None of that is to say that a positive outlook is something of NO merit. It does have a lot of utility. There are a range of studies that show how it influences perception and how one is perceived. You can get more with a smile and a handshake than without one. Physically, a positive attitude taps into the same psychological conditions that lead to things like the placebo effect, hormonal balance and aids all kind of things like digestion and oxygen intake. It's a real thing. It's just not the end all, be all of human existence, and like moderation itself, must be taken in moderation. The guilt of failure that Nightingale puts on people is the dark side of his superlative use of language, and the zeal with which he presents his convictions. The sense of entitlement of those who have economic advantages and who justify themselves based on things that they never put effort into, were gained by chance, or even acquired unethically are all justified by the language of Nightingale's ideas. And what's worse, he doesn't just fail to acknowledge that they exist, he insists that they do not. "You are what you think about." All trouble is temporary or a blessing in disguise. In the long run, that lends itself to the most tragic kind of failure and collapse—the kind that we all must face as part of our fundamental humanity, and is incredibly vulnerable because the fragility of the logic means emotionally his ideas are even more delicate and, thus, easily shattered. To embrace optimism to the degree that Nightingale insists isn't just an impossible standard, it is to live in a desperately delusional world of denial that is always on the brink of despair.
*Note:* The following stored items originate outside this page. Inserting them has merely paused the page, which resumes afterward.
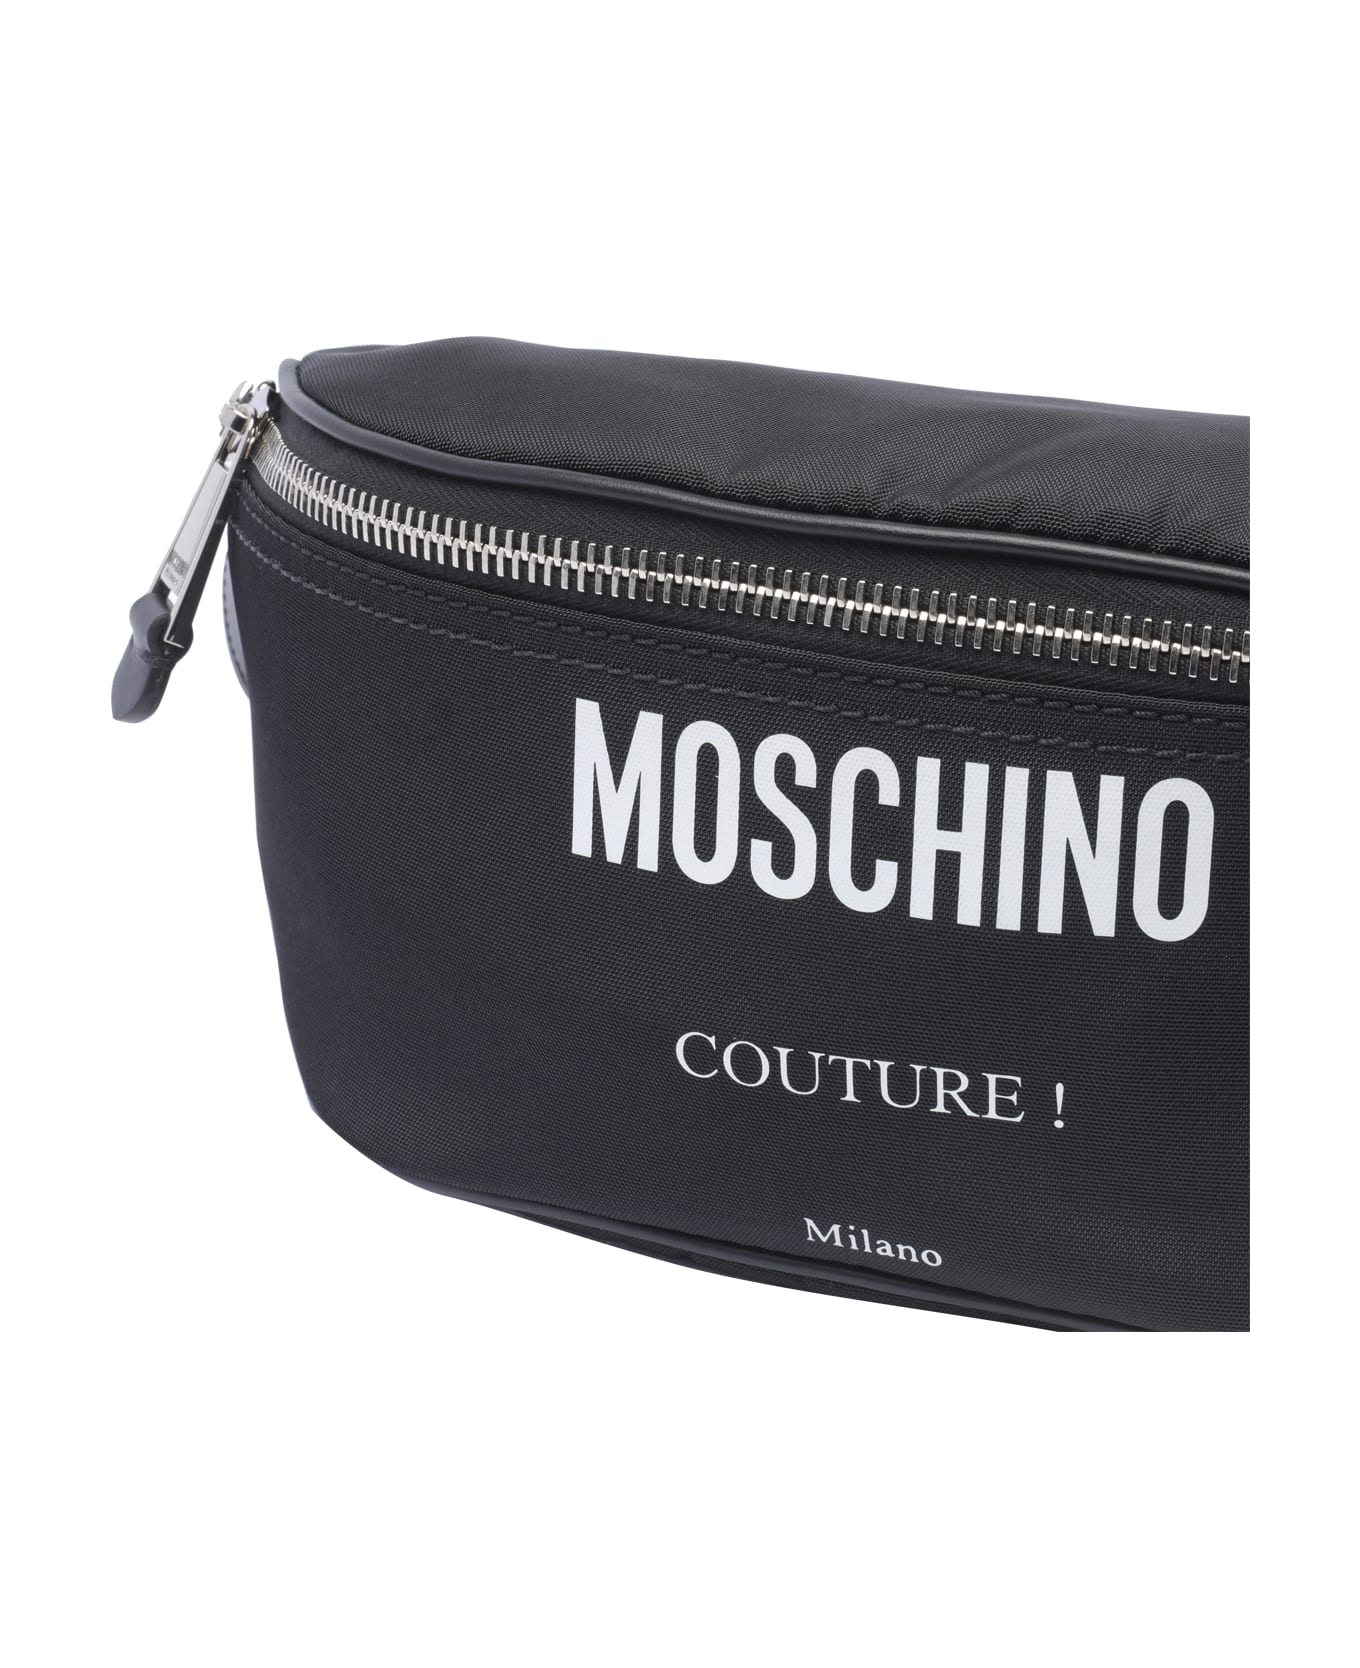 Moschino Couture Belt Bag - Black
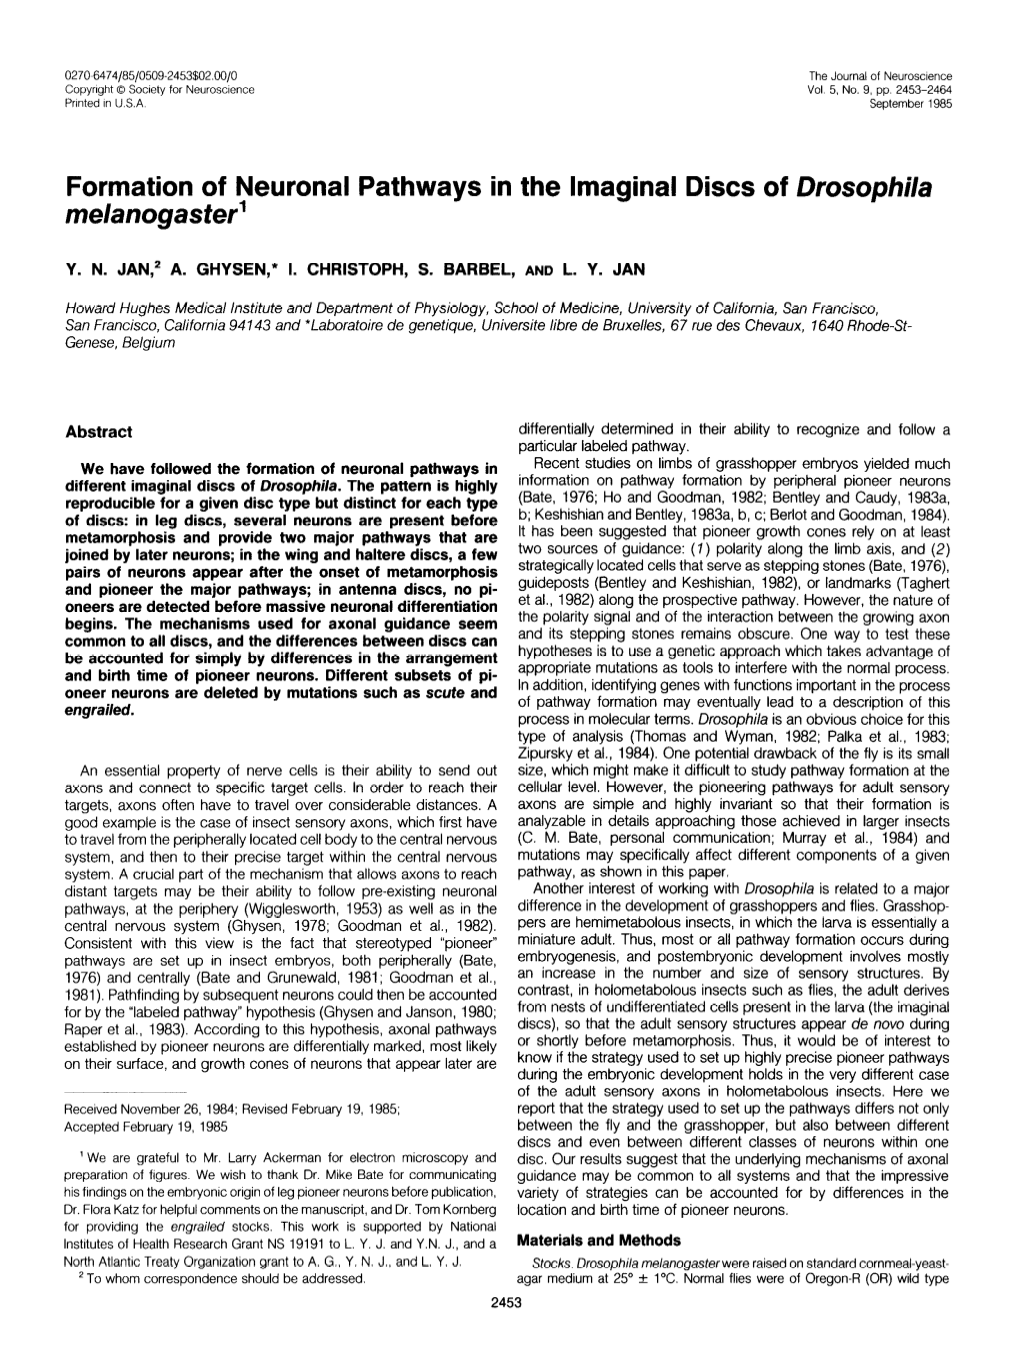 Formation of Neuronal Pathways in the Lmaginal Discs of Drosophila Melanogaster’
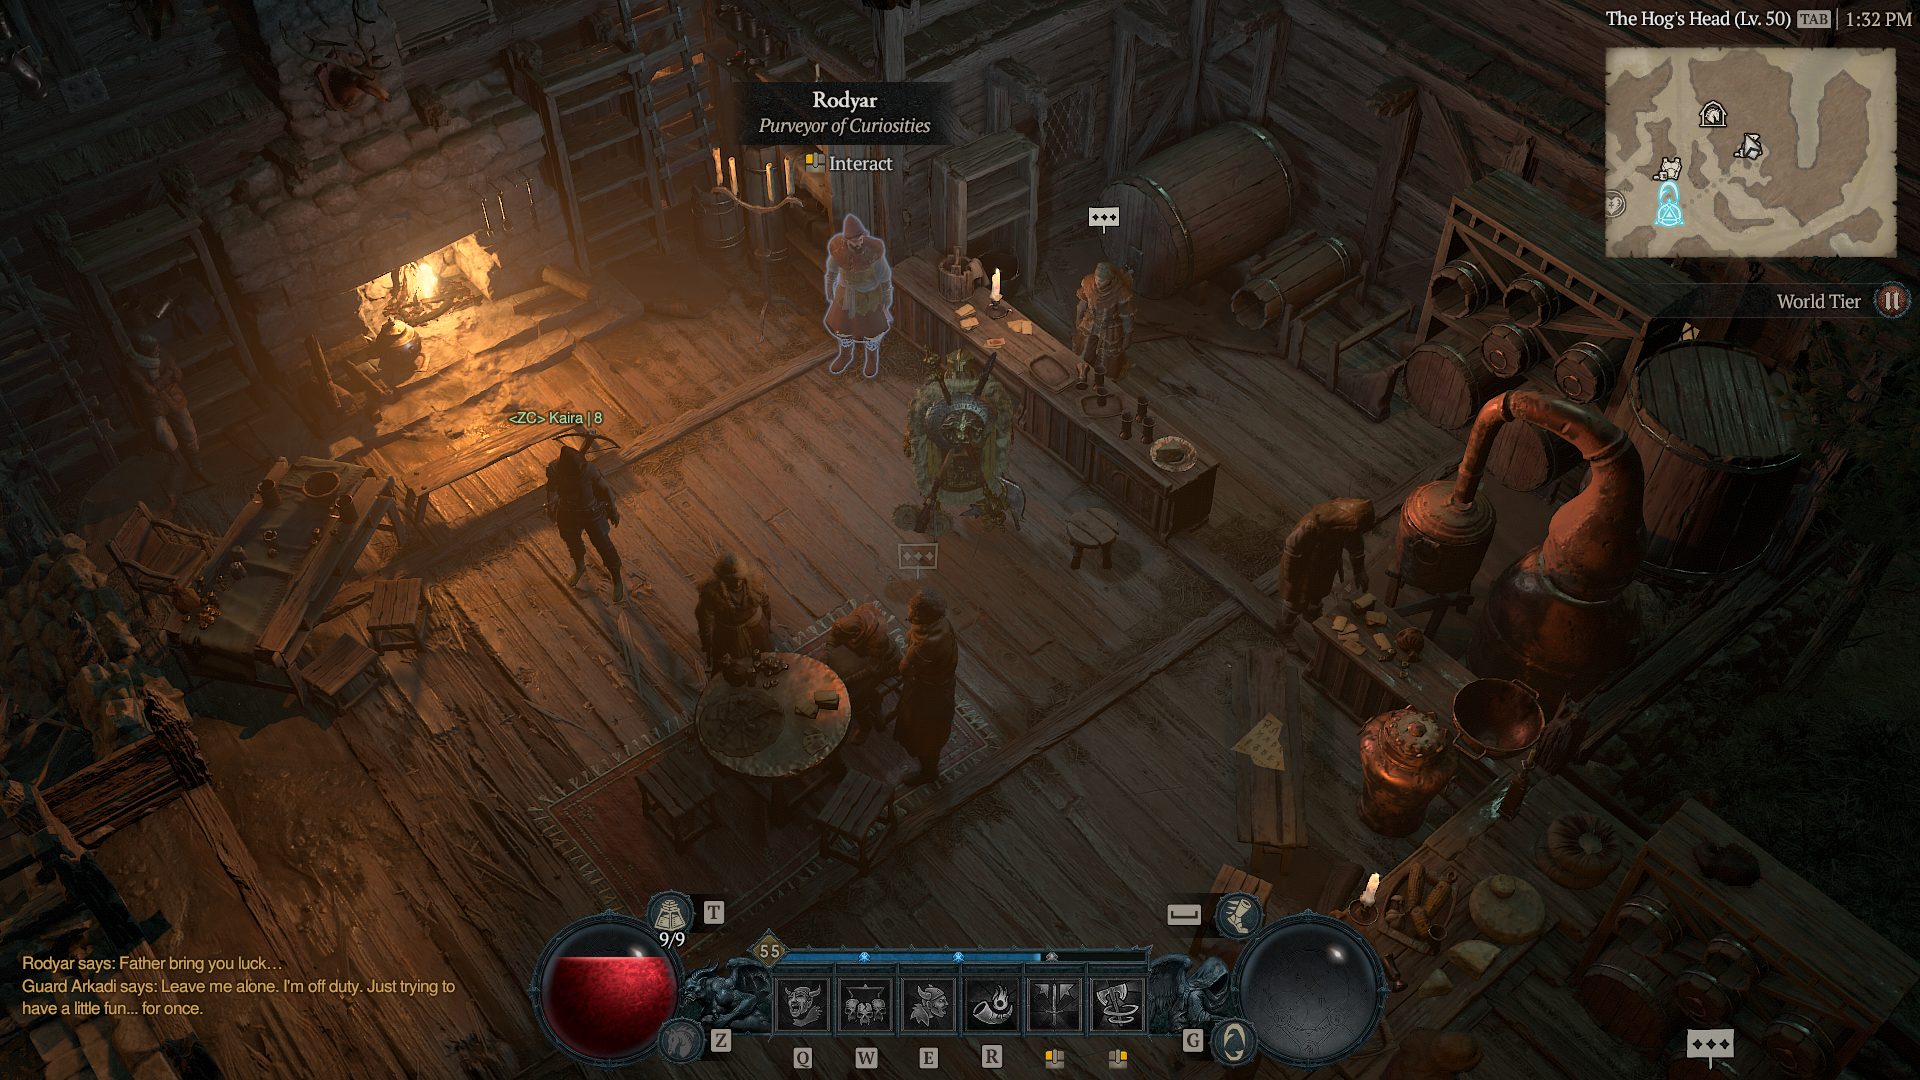 A Barbarian talks to a Purveyor of Curiosity in a Diablo 4 tavern

That doesn't sound like much of a route to success to me.
There were definitely some insights here regarding goal setting and positive thinking. The fact that each chapter is short made this a good read to sneak into moments throughout the day and finish quickly. I enjoyed the first half of the book more than the last half, as much of it was geared more towards sales and business and I am not involved with either. A good read though.
One of the best books in this genre that I've read. All content is valuable and to the point. Very dense with wisdom and practical methods as well as very motivating. Love it!
Op basis van de titel verwachte ik zo'n onrealistisch 'amerikaans' positive thinking boek die ik na 1 blz. weer weg zou leggen. Maar in plaats daarvan vond ik het interessant en inspirerend .
One of the masters of teaching the importance of positive thinking that influenced countless authors after him. "We become what we think about" is the big message as well as "Focus on the most important clearly defined goal". One goal at the time only. Make a conscious decision and stick with it until it is realised. If you need a motivational start over, this book is definitely a good read.
The desire to success is in your hands. Follow the steps in the book on goal setting is a great start. Act as if you have reached your goals. A must read to Change your Life
very well written, it's inspiration, and motivational so I highly recommend. Teaches you how to start looking to the future and live the American dream, enjoy , I did.